I've had a brilliant idea ... I think. No doubt (if it is brilliant) it's been thought of before!

I want a quick way to make simple mitred boxes with stock about 9-12mm thick.

Now I have my first router table, I though I could get a V-groove bit and, all in one go, cut the mitre and cut the piece to length.

I can't quite imagine the jig for this yet as I guess the piece needs to be on the actual table but it can't be too hard, right?

Anyway, do you think that this will work?


----------



## Racers (16 May 2009)

Hi,

Most HiFi speakers are made like that but they use circular saws to cut the V grove nearly through, them wrap them up.

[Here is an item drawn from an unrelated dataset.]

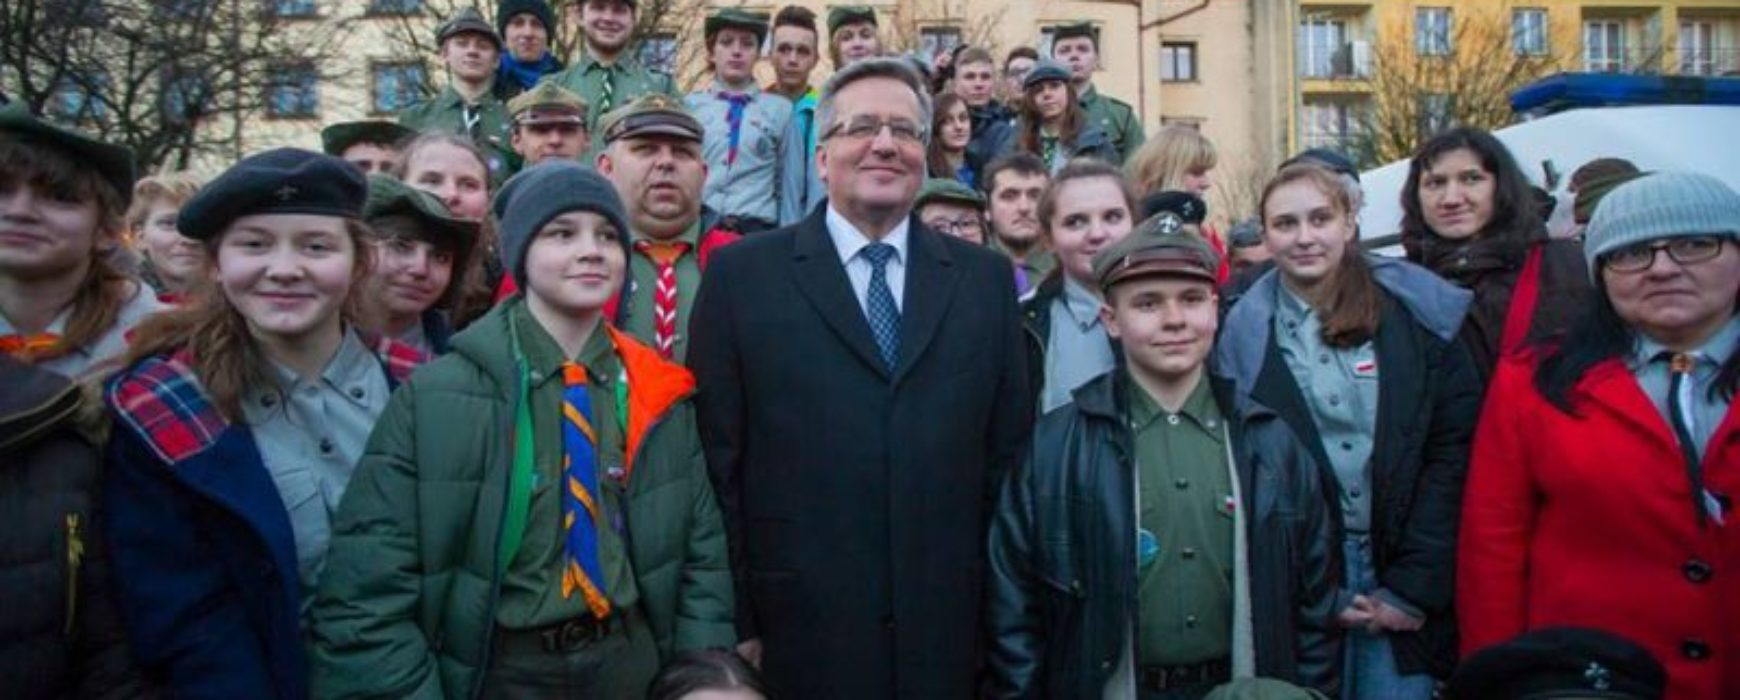 Spotkanie Ostrowieckich harcerzy z Prezydentem RP

I would cut them to length then use the V grove bit to miter the end, or else one slip on the last miter and its ruined.


Pete


----------



## PerranOak (16 May 2009)

Ah yes, I know what you mean. They cut up to but not through the laminate.

I would be using solid stock so would have to cut all the way through.


----------



## xy mosian (16 May 2009)

Racers":2fgta5vj said:


> Hi,
> 
> Most HiFi speakers are made like that but they use circular saws to cut the V grove nearly through, them wrap them up.
> 
> Pete



Absolutely right. The trick was to get the saws lined up spot on. Earlier, when HiFi was HiFi and speakers were veneered in real wood and spray polished, the veneered panels were often cut with double-ended tennoners fitted with suitably shaped cutters.

xy


----------



## Benchwayze (11 Jul 2009)

I used a vee bit to joint the inserts for a jewellery box, for my daughter. 

I used something similar to Roy Sutton's Tenoning Jig to get the vee groves in the right places. 

I used my mitre-trimmer to cut the mitres for the corners, and also the ends of the divisions that slid into the vee grooves. 

John


----------



## PerranOak (11 Jul 2009)

Cheers, interesting.


----------